В двух веках. Жизненный отчет российского государственного и политического деятеля, члена Второй Государственной думы (Гессен) - страница 159

С первыми тактами оркестра я позабыл обо всем на свете и уже на всю жизнь остался влюбленным в эту гениальную оперу, а в эмиграции с трудом сдерживал слезы на последнем действии, при виде яркого, безоблачного народного веселья, заставлявшего болезненно остро ощущать юдоль скорби, в которую повергла нас революция.

На другой день, весь еще во власти волшебных звуков, напевая про себя бесподобный вальс, я возвращался с прогулки и у входа в гостиницу встретил взволнованного шурина, размахивающего газетой. Из нее я и узнал об ужасном покушении на Столыпина, живо представил себе тяжелое душевное состояние нерешительного Ганфмана и почувствовал угрызения совести, что оставил его одного (Милюков тоже уехал за границу). Воспользовавшись последним вечером, чтобы послушать еще «Тангейзера», мы прервали свой отдых и ночью выехали в Петербург. Там я застал очень взбудораженное настроение. Через неделю после покушения Столыпин ввел военно-полевые суды, ликвидировавшие все гарантии правосудия. Наша газетная хроника – в «Праве» и «Речи» – насыщена была теперь сообщениями о массовых расстрелах и повешениях по приговорам этих судов, а за ними следовали известия об убийствах представителей власти[57]. Одновременно с покушением на Столыпина убит был командир усмирявшего Московское вооруженное восстание Семеновского полка Мин, спустя некоторое время произведено было покушение на московского градоначальника Рейнбота… Сотнями закрывались и штрафовались газеты, конфисковались книги и брошюры, и уж совсем анекдотом звучит, что среди них подверглось конфискации и «Полное собрание речей Николая II», изданное без каких бы то ни было комментариев.
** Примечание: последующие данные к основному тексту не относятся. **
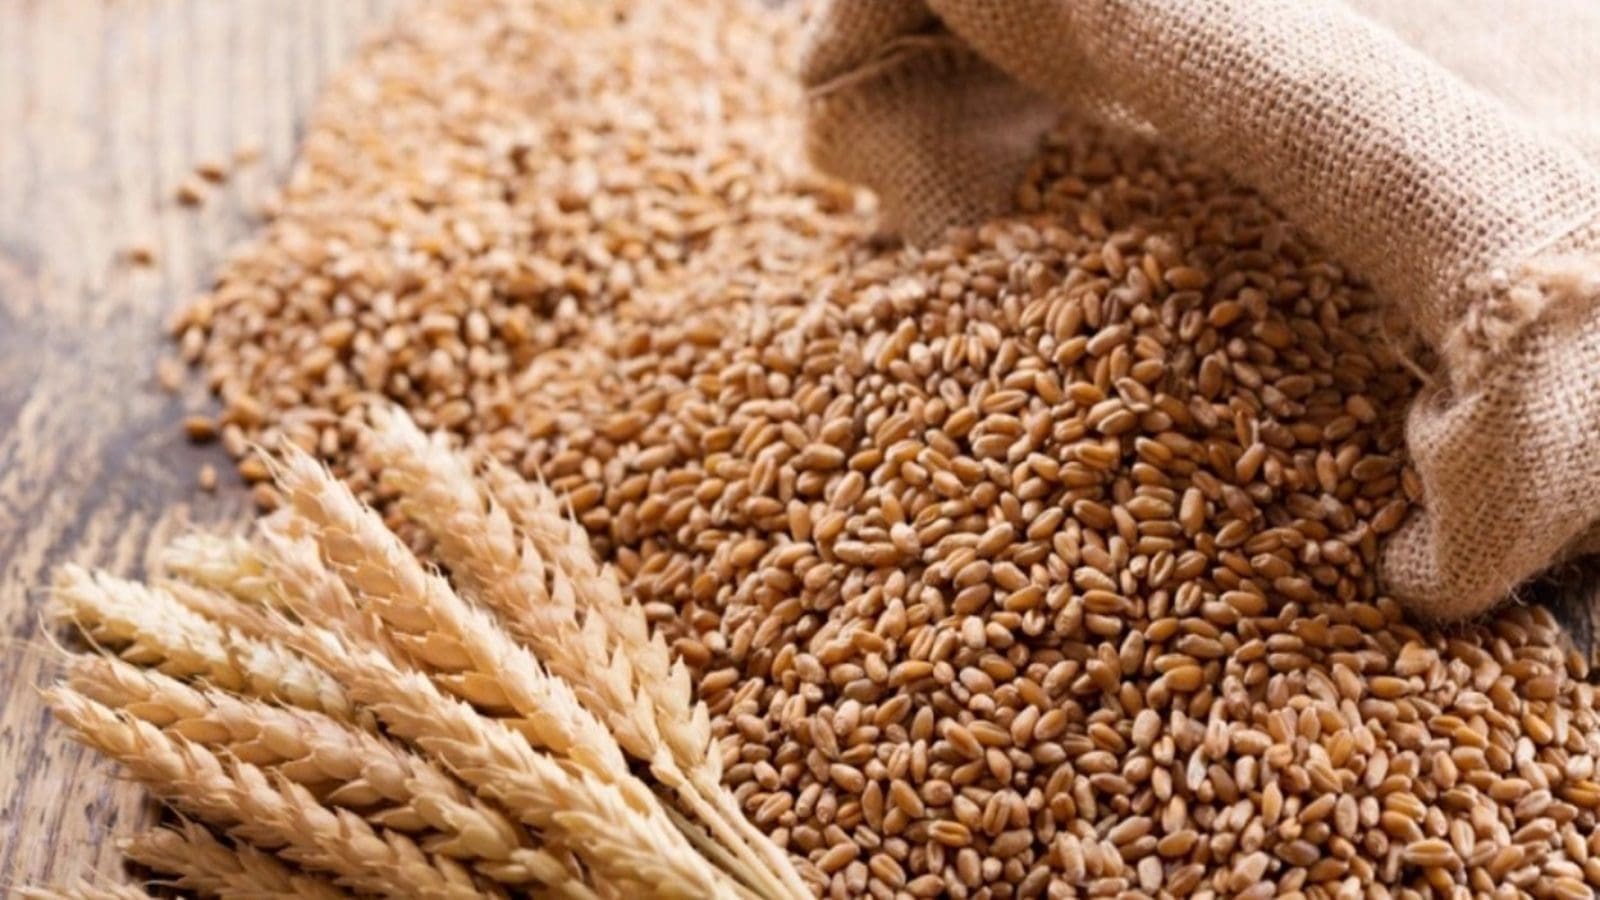 Zambian Cabinet allows wheat imports to address domestic shortfall

Моих политических друзей заботили два вопроса – о Выборгском воззвании и о легализации партии. Возвращавшиеся из Выборга депутаты были уверены, что будут арестованы на финляндской границе, но правительство долго колебалось, прежде чем в конце сентября решилось предать их суду. Озабоченность, впрочем, вызывалась совсем не судьбой депутатов, а отношением членов партии к содержанию воззвания. Лишь очень немногие, даже среди подписавших, приняли его всерьез, как обязательство действовать в указанном направлении. Огромное большинство считало, что задача выполнена фактом опубликования, что воззвание обращено не столько к народу, сколько к правительству, которое оно должно испугать и заставить раскаяться в роспуске народного представительства. С другой стороны, Выборгское воззвание стало серьезным препятствием на пути легализации партии. Вопрос этот был поднят еще на первых съездах и тоже вызывал страстные споры: в легальном бытии партии, в признании правительством ее программы и задач лояльными некоторые готовы были видеть бесчестье и уж во всяком случае унижение.